Task goal: From the top of the entries below through the line containing "Premium Helmets Web Page Designer", return every line exactly as written, please, and stop there.
━━ Exercise materials
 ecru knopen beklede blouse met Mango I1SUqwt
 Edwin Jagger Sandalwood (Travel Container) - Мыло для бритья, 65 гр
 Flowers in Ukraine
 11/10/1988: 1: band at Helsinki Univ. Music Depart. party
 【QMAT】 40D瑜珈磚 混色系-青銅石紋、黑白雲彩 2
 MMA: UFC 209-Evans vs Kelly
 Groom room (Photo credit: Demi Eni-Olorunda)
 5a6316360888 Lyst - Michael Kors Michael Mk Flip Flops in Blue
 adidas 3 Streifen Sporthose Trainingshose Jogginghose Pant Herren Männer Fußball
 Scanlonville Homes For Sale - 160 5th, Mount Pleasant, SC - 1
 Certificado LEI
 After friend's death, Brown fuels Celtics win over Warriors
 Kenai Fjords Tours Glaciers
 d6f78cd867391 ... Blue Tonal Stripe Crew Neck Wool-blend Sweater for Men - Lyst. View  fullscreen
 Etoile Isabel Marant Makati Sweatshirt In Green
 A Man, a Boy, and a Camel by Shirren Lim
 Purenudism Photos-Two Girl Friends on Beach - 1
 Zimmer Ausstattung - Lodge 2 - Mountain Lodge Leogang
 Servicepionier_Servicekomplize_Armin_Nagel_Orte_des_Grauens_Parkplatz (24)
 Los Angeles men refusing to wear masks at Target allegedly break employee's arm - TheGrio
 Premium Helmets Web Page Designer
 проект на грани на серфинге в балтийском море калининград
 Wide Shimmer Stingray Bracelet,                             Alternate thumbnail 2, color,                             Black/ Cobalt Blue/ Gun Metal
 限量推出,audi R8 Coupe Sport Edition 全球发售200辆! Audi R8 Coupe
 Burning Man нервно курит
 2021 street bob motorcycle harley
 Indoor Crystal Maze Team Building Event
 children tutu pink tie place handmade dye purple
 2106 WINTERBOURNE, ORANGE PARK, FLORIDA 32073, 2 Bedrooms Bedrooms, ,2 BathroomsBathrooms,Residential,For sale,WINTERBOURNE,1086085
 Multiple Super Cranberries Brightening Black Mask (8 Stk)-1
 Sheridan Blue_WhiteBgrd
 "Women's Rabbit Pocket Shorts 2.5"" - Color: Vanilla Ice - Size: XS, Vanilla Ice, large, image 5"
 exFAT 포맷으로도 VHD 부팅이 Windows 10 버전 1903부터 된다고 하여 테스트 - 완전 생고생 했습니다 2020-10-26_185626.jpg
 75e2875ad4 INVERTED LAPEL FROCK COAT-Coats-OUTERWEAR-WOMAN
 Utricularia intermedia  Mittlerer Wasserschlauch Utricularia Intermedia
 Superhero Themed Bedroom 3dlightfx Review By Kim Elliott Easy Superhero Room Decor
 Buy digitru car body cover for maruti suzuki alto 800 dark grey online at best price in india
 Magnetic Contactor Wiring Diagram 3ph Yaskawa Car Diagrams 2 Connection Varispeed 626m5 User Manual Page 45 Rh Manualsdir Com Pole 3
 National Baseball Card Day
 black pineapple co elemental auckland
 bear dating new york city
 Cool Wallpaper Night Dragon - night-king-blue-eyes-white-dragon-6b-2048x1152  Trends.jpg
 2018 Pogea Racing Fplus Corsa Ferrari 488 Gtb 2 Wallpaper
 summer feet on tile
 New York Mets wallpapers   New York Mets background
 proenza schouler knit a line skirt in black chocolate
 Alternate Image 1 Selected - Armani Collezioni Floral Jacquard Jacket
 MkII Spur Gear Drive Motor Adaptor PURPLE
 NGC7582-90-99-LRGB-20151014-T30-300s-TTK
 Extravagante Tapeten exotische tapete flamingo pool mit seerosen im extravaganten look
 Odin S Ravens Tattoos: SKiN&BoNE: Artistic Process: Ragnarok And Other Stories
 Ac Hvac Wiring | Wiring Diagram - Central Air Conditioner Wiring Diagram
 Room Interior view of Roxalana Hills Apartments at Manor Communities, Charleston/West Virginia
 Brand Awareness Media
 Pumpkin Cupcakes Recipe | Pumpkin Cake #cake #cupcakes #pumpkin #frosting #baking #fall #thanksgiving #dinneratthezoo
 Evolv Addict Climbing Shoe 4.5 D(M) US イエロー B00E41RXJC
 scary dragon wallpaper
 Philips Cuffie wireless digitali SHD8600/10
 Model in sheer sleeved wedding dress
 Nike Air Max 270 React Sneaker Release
━━━━
Answer:
 ecru knopen beklede blouse met Mango I1SUqwt
 Edwin Jagger Sandalwood (Travel Container) - Мыло для бритья, 65 гр
 Flowers in Ukraine
 11/10/1988: 1: band at Helsinki Univ. Music Depart. party
 【QMAT】 40D瑜珈磚 混色系-青銅石紋、黑白雲彩 2
 MMA: UFC 209-Evans vs Kelly
 Groom room (Photo credit: Demi Eni-Olorunda)
 5a6316360888 Lyst - Michael Kors Michael Mk Flip Flops in Blue
 adidas 3 Streifen Sporthose Trainingshose Jogginghose Pant Herren Männer Fußball
 Scanlonville Homes For Sale - 160 5th, Mount Pleasant, SC - 1
 Certificado LEI
 After friend's death, Brown fuels Celtics win over Warriors
 Kenai Fjords Tours Glaciers
 d6f78cd867391 ... Blue Tonal Stripe Crew Neck Wool-blend Sweater for Men - Lyst. View  fullscreen
 Etoile Isabel Marant Makati Sweatshirt In Green
 A Man, a Boy, and a Camel by Shirren Lim
 Purenudism Photos-Two Girl Friends on Beach - 1
 Zimmer Ausstattung - Lodge 2 - Mountain Lodge Leogang
 Servicepionier_Servicekomplize_Armin_Nagel_Orte_des_Grauens_Parkplatz (24)
 Los Angeles men refusing to wear masks at Target allegedly break employee's arm - TheGrio
 Premium Helmets Web Page Designer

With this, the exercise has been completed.